- _Exercise_: The listing, minus its pictures, is to be given again exactly.

++++ Provided material ++++

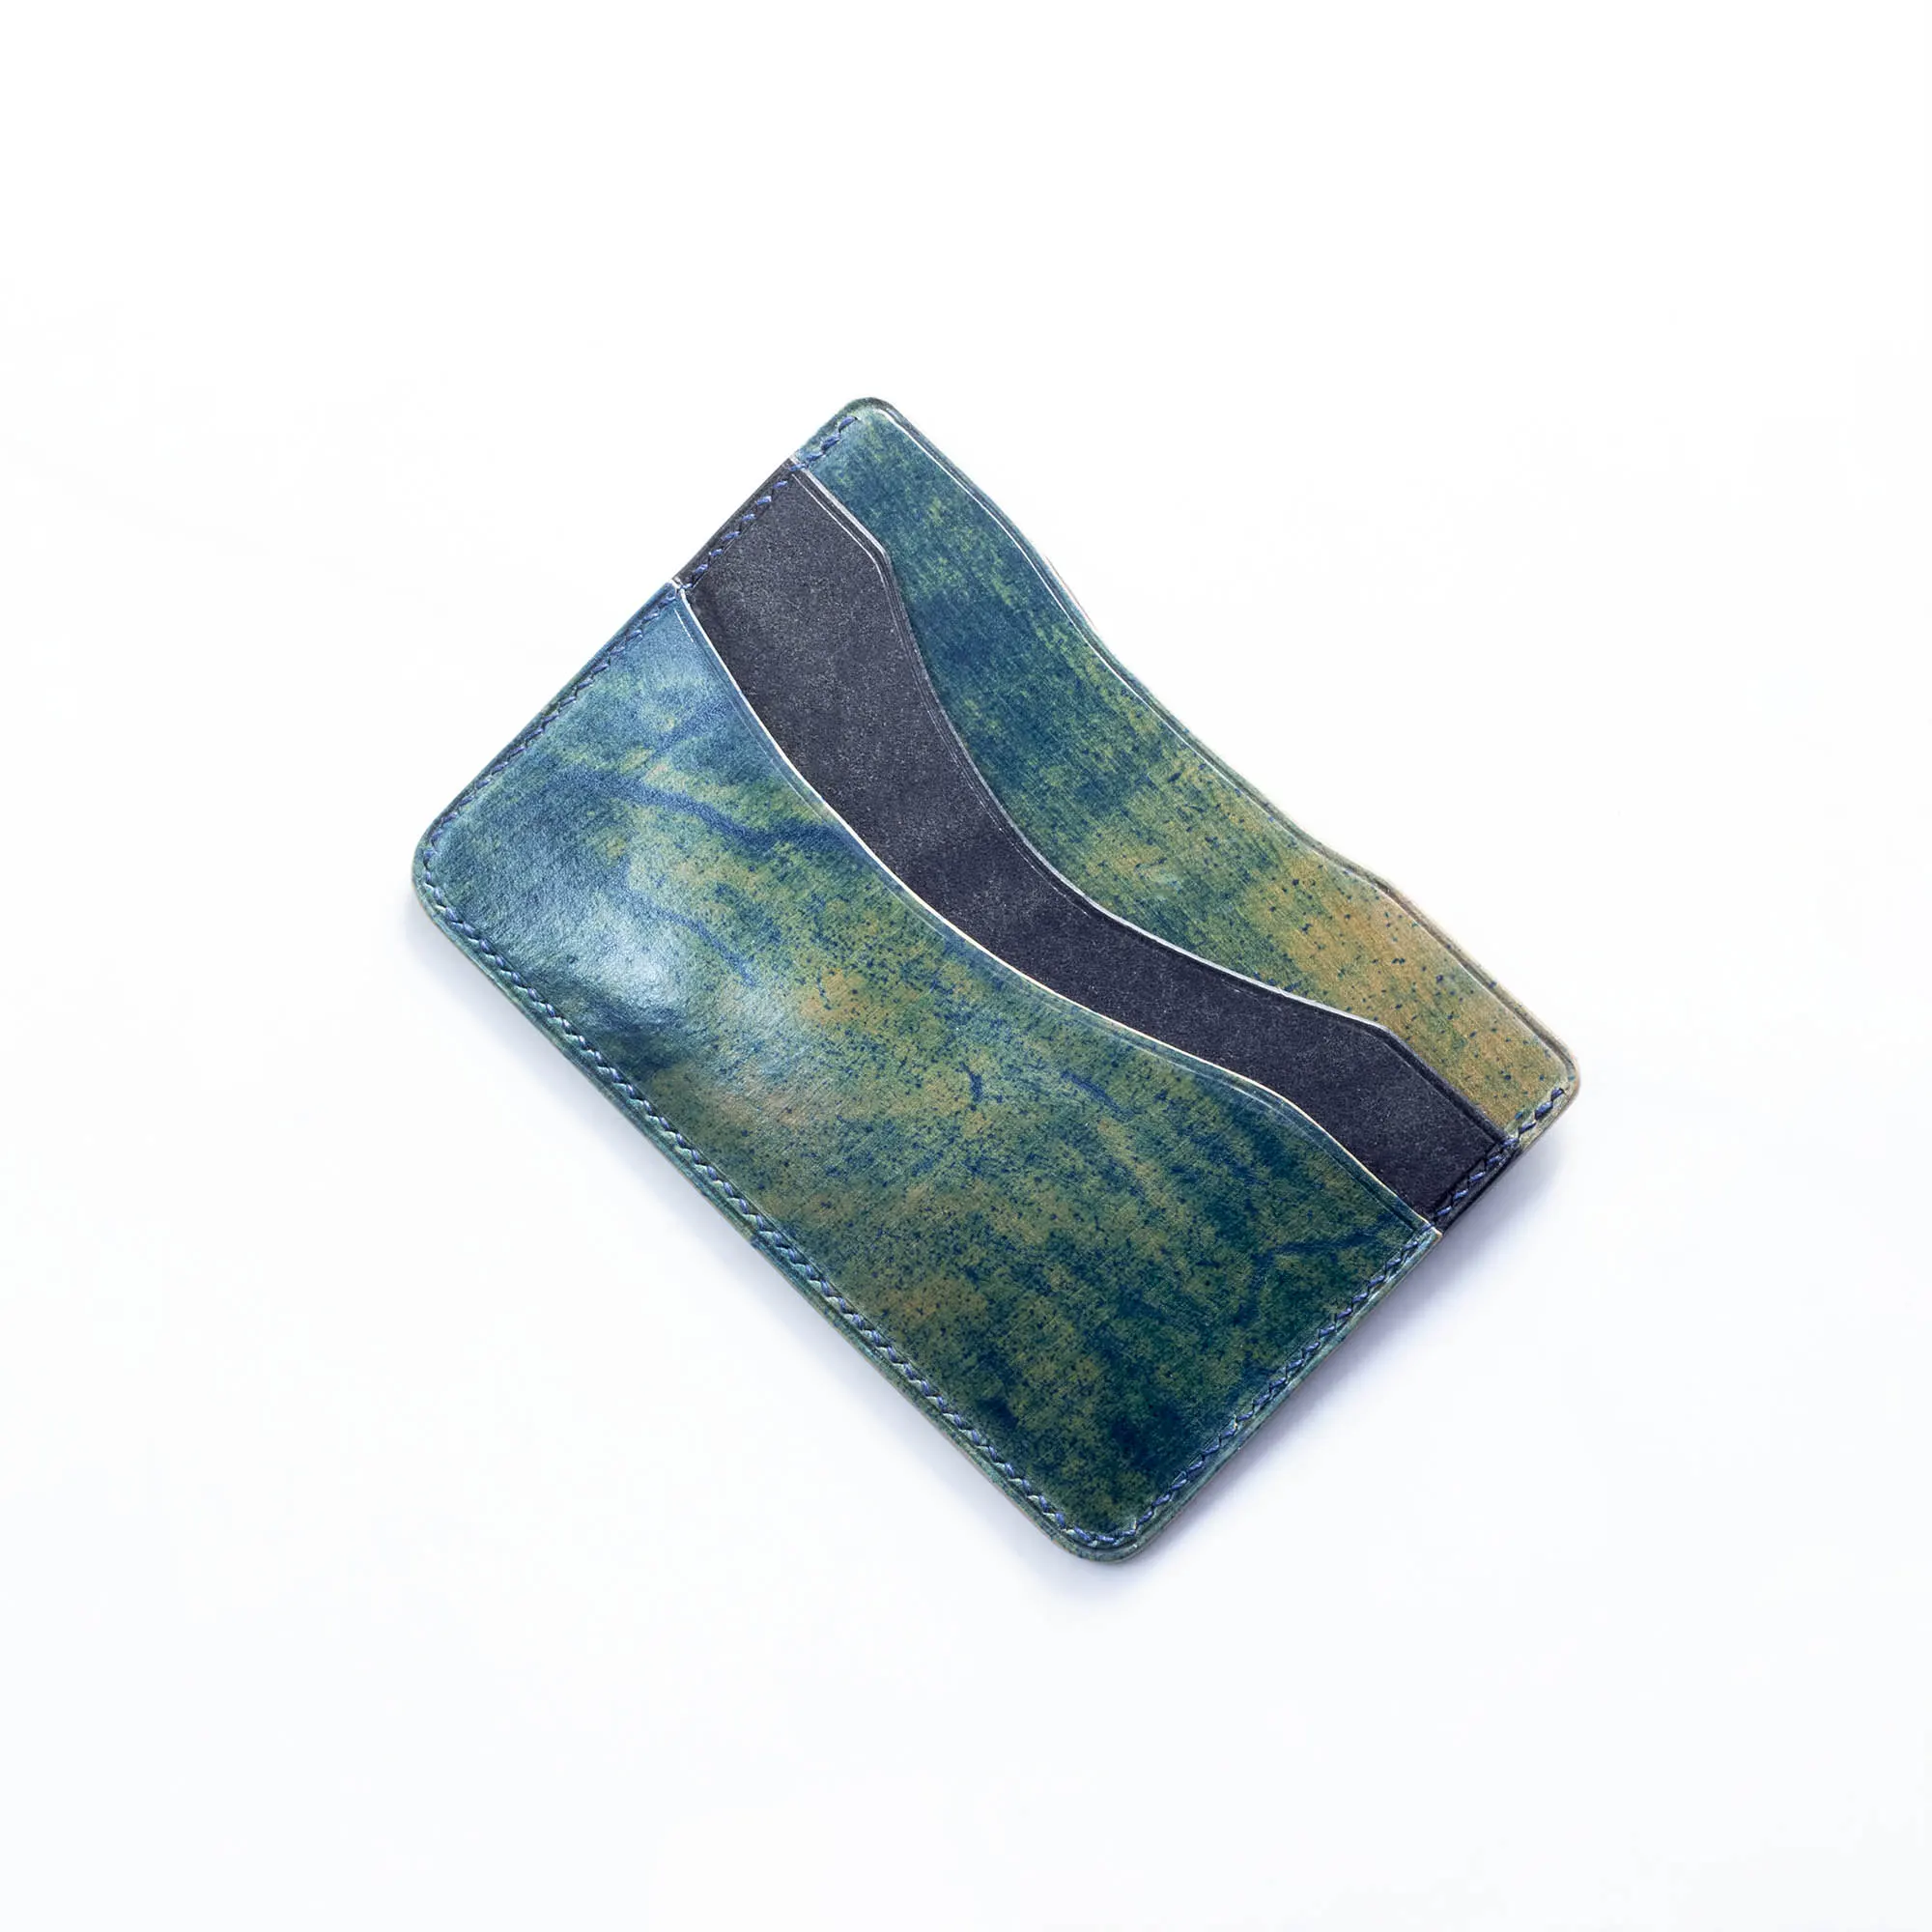 possala designs handmade shell cordovan artisan wallet
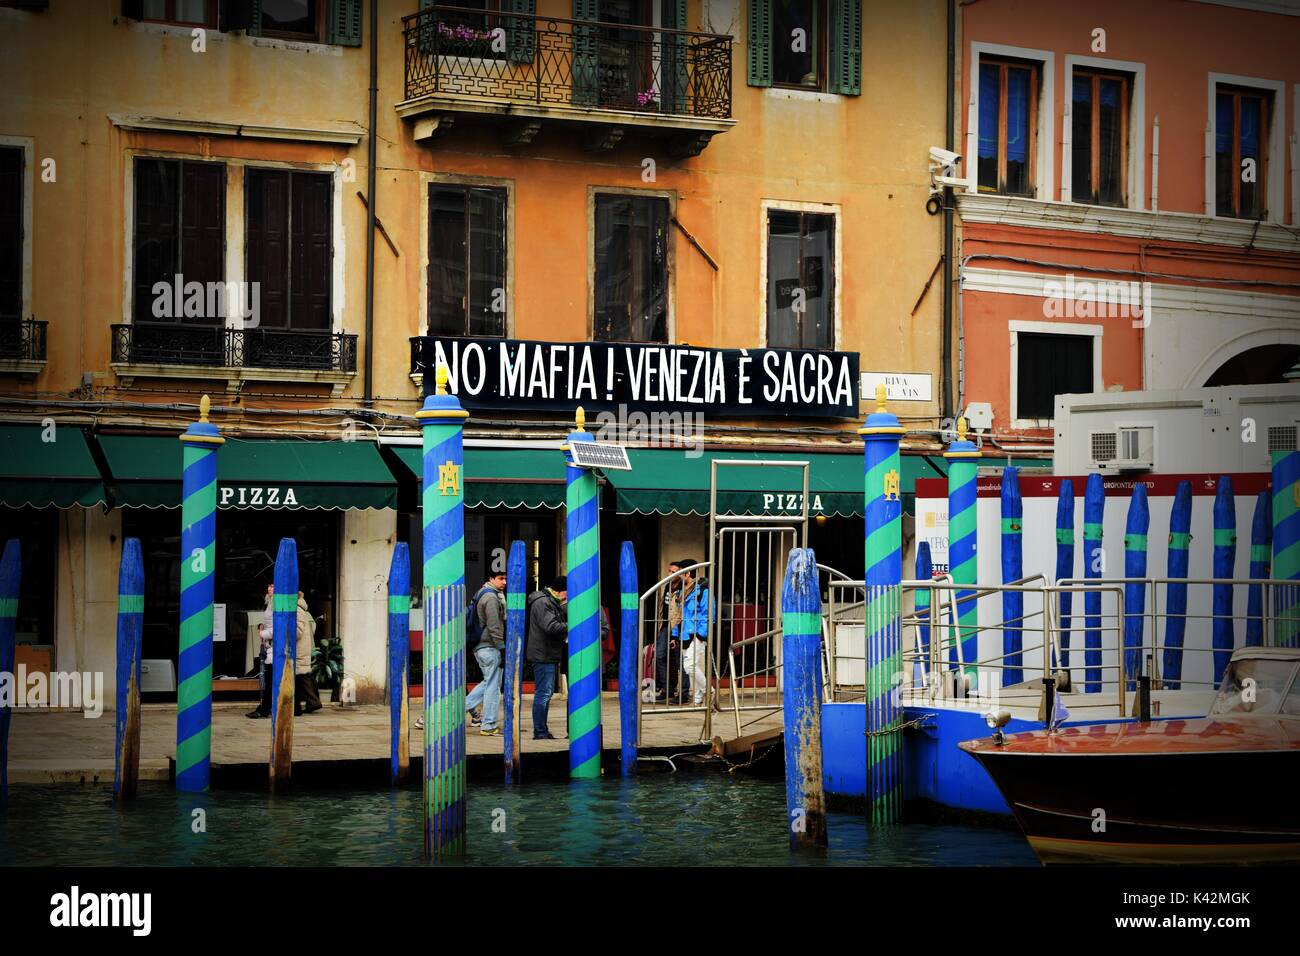 un-banner-en-una-casa-en-el-gran-canal-de-venecia-diciendo-no-mafia-venezia-e-sacra-cerca-del-puente-rialto-k42mgk.jpg
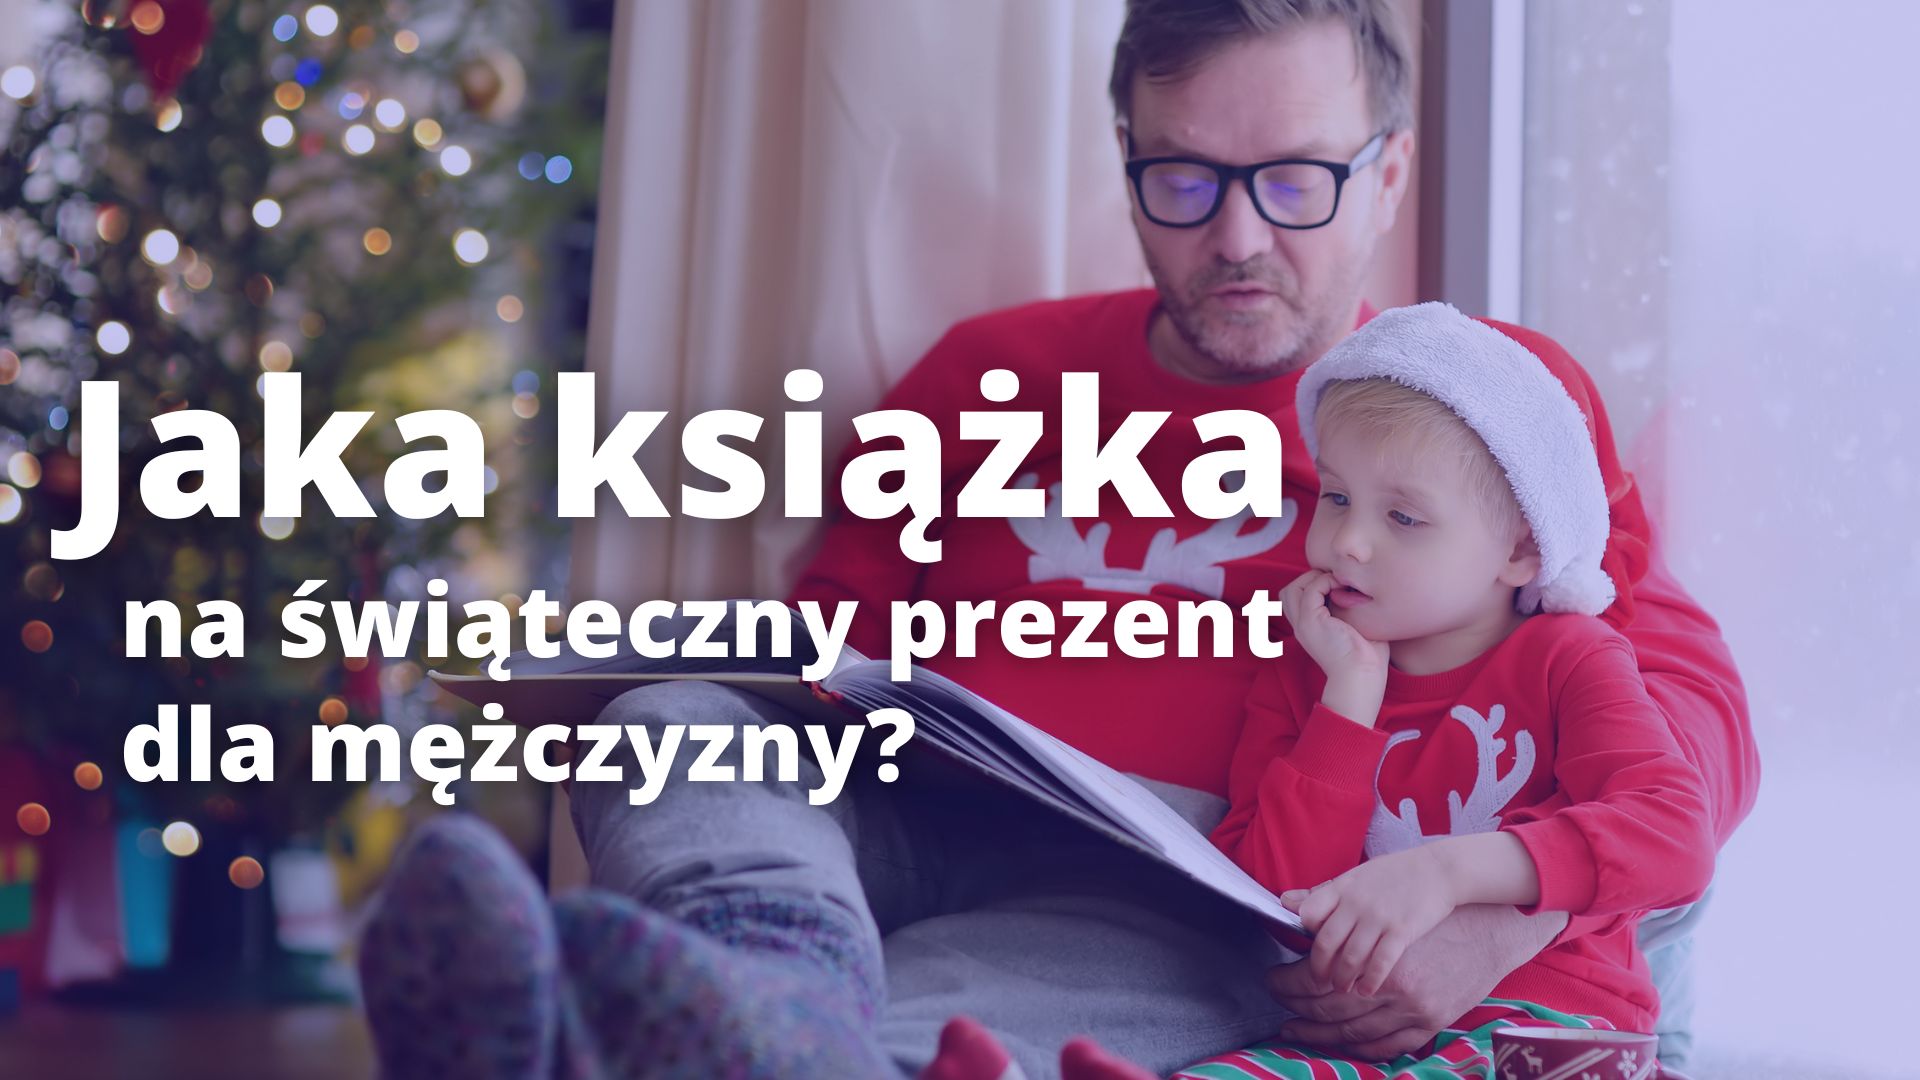 Read more about the article Jak książka dla mężczyzny na świąteczny prezent?

++++

- _Answer for the task_:
 possala designs handmade shell cordovan artisan wallet
 un-banner-en-una-casa-en-el-gran-canal-de-venecia-diciendo-no-mafia-venezia-e-sacra-cerca-del-puente-rialto-k42mgk.jpg
 Read more about the article Jak książka dla mężczyzny na świąteczny prezent?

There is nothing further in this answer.